WHAT THIS TASK INVOLVES: Return the data exactly, with all pictures removed.

SOURCE MATERIAL:
○ ○ ○ ○ ○

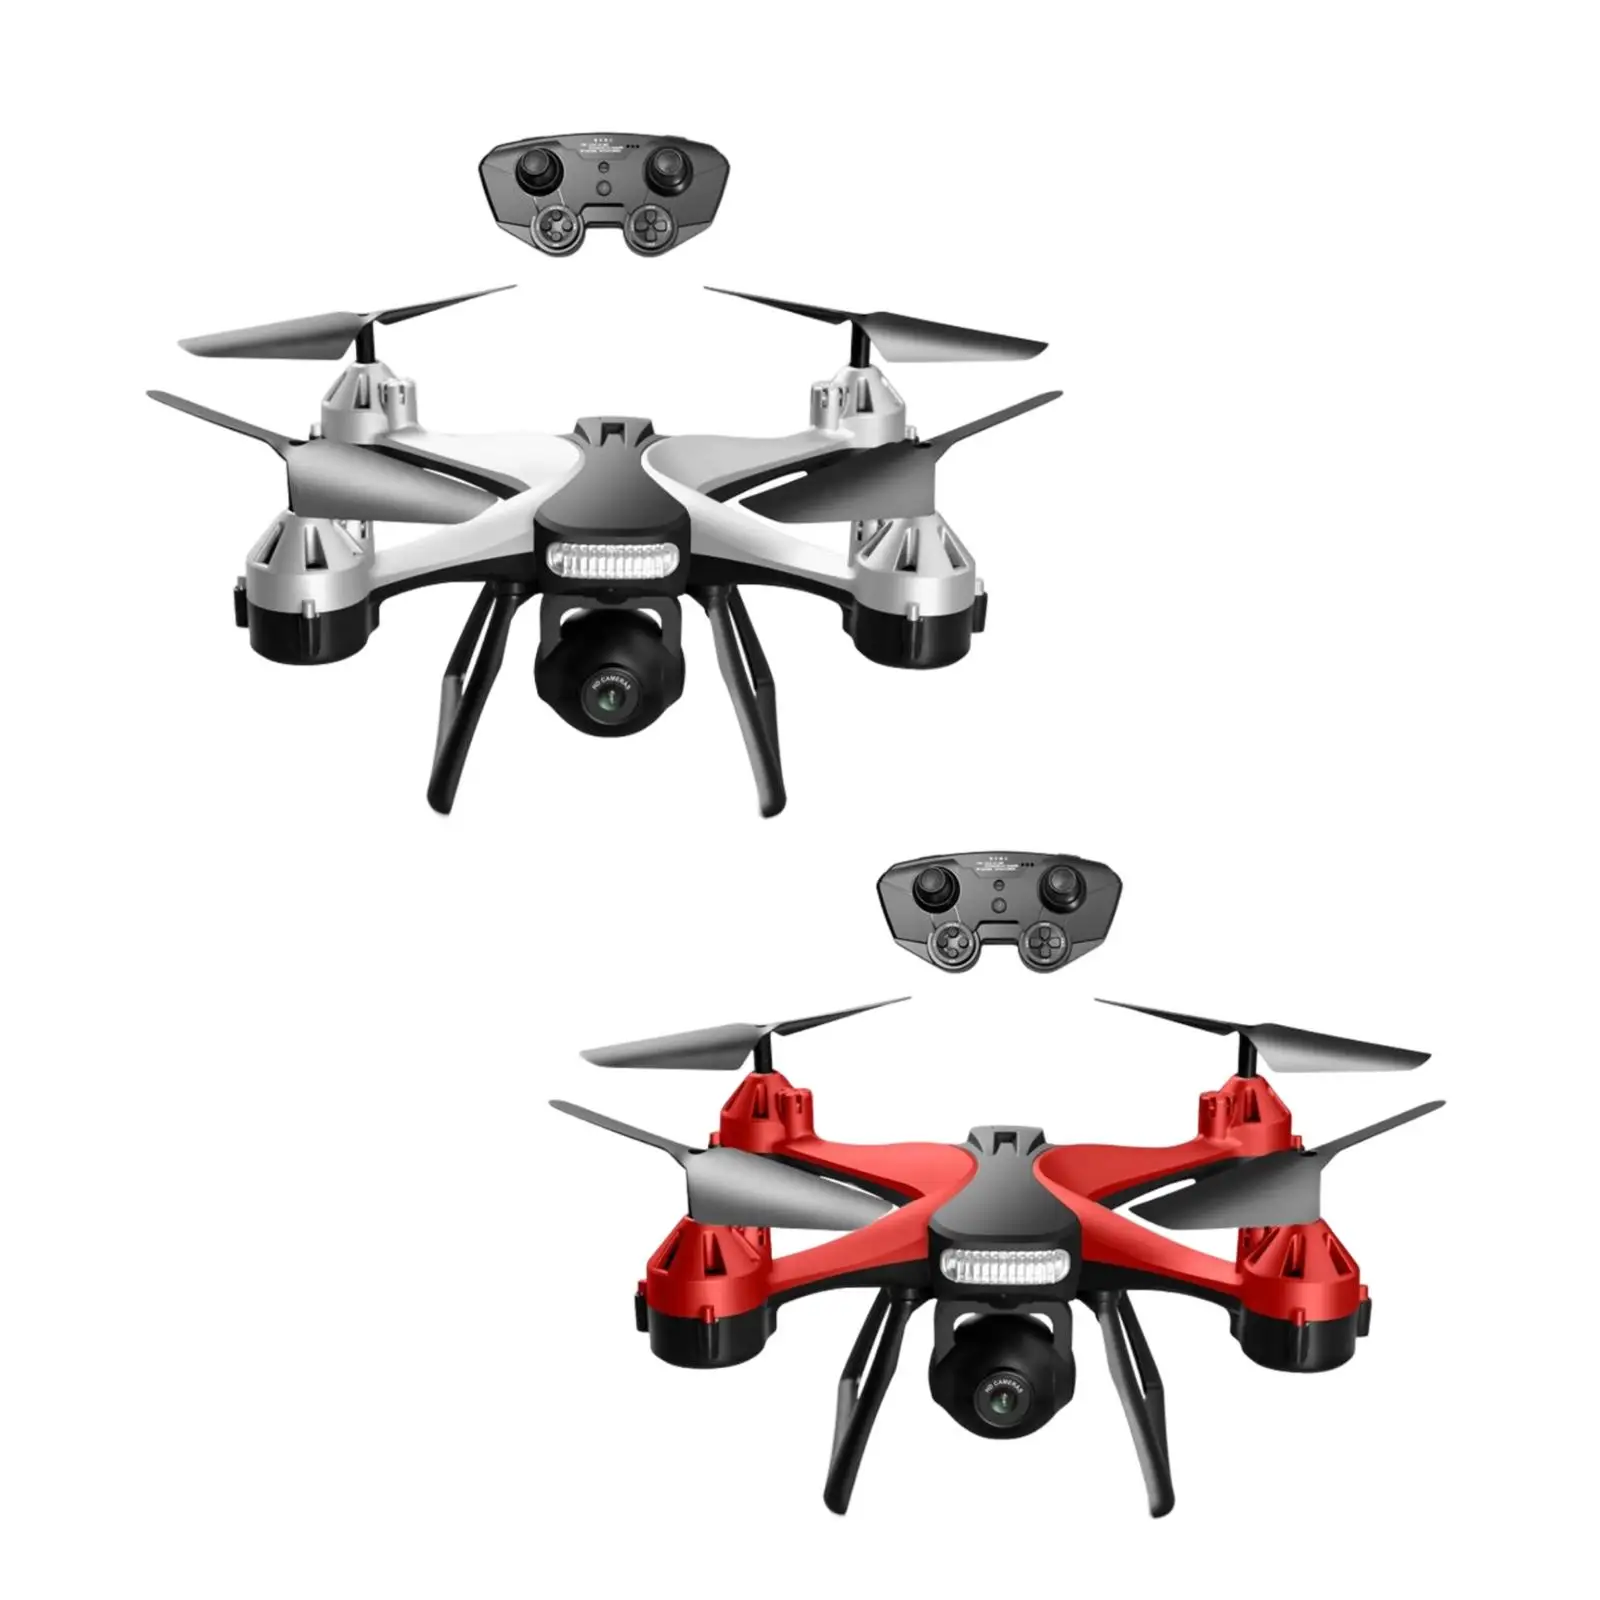 4K Camera Drone Quadcopter Remote Control Aerodynamic Streamline Design Phone Control Flying Hovering System LED Night Light
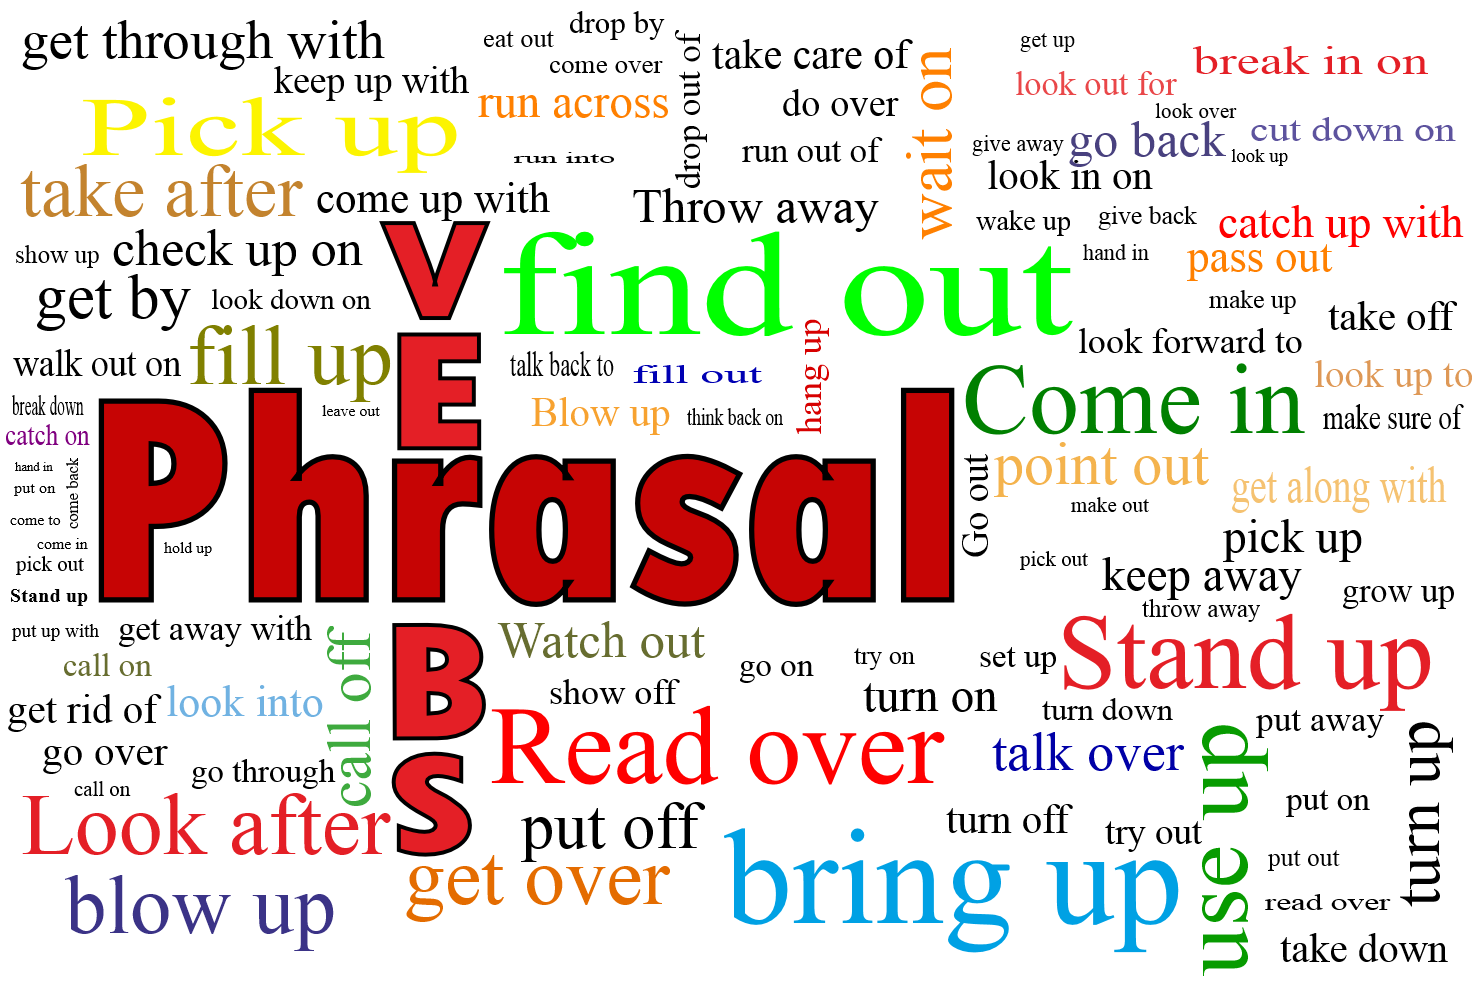 Phrasal Verbs, Inglês
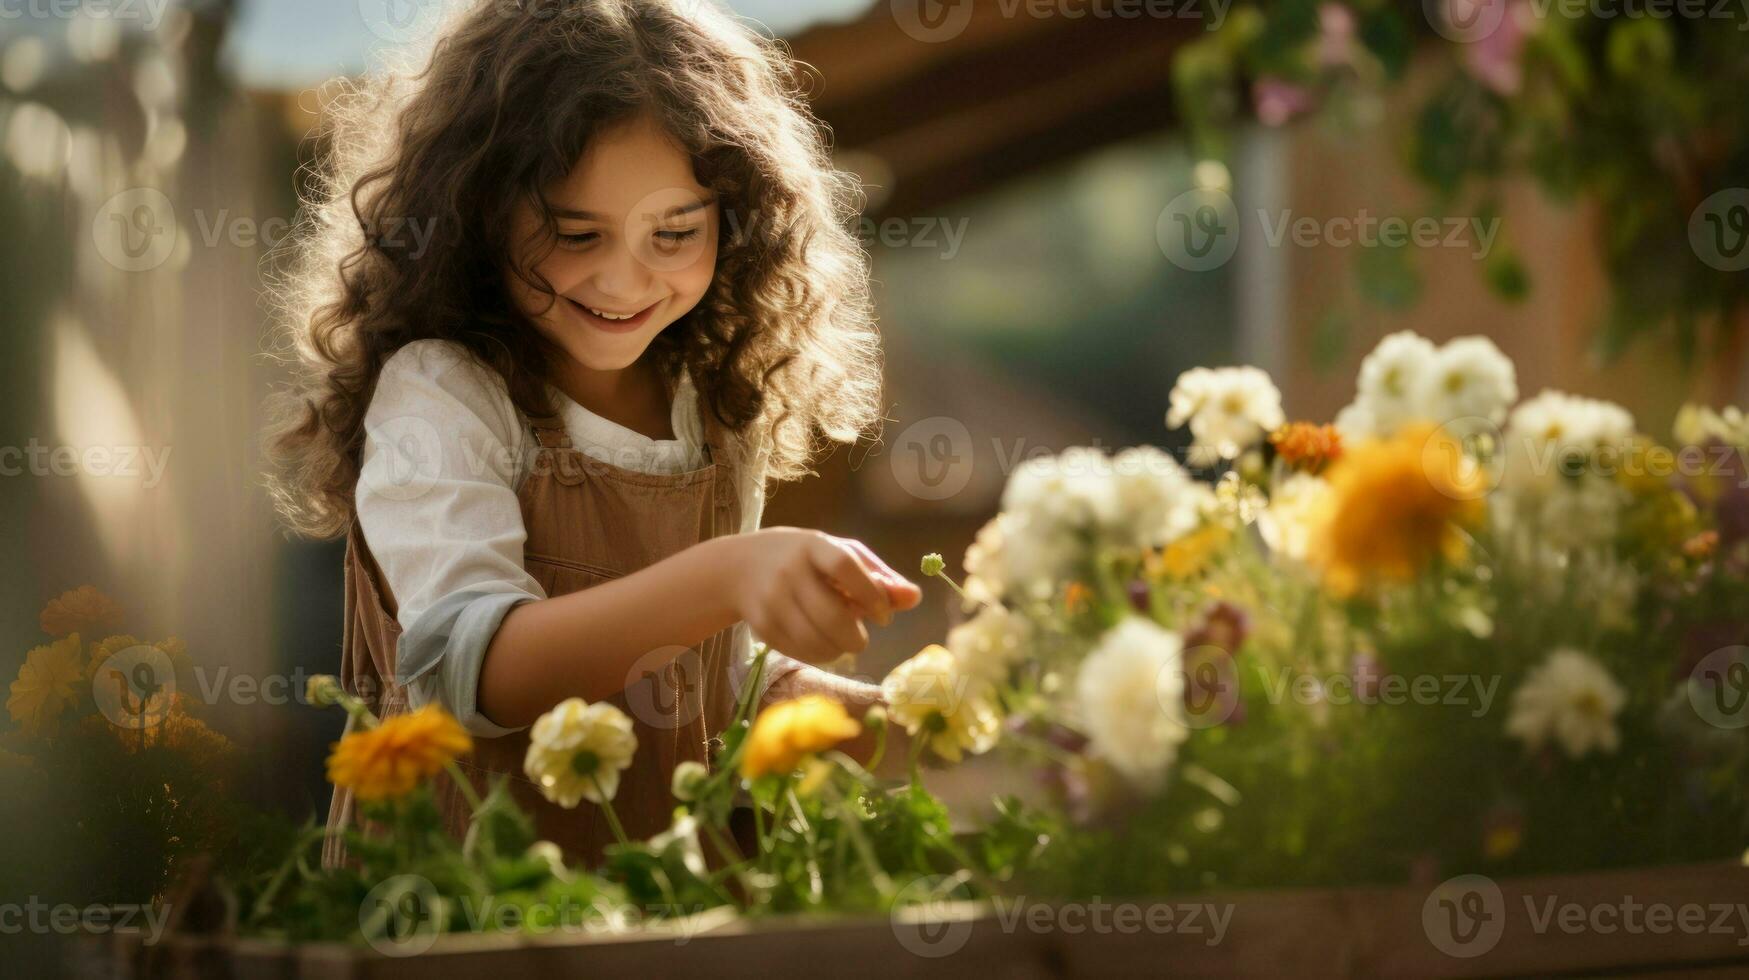 glimlachen weinig meisje nemen zorg en fabriek bloemen in de tuin of een boerderij ai gegenereerd foto

○ ○ ○ ○ ○

ANSWER BOX:
 4K Camera Drone Quadcopter Remote Control Aerodynamic Streamline Design Phone Control Flying Hovering System LED Night Light
 Phrasal Verbs, Inglês
 glimlachen weinig meisje nemen zorg en fabriek bloemen in de tuin of een boerderij ai gegenereerd foto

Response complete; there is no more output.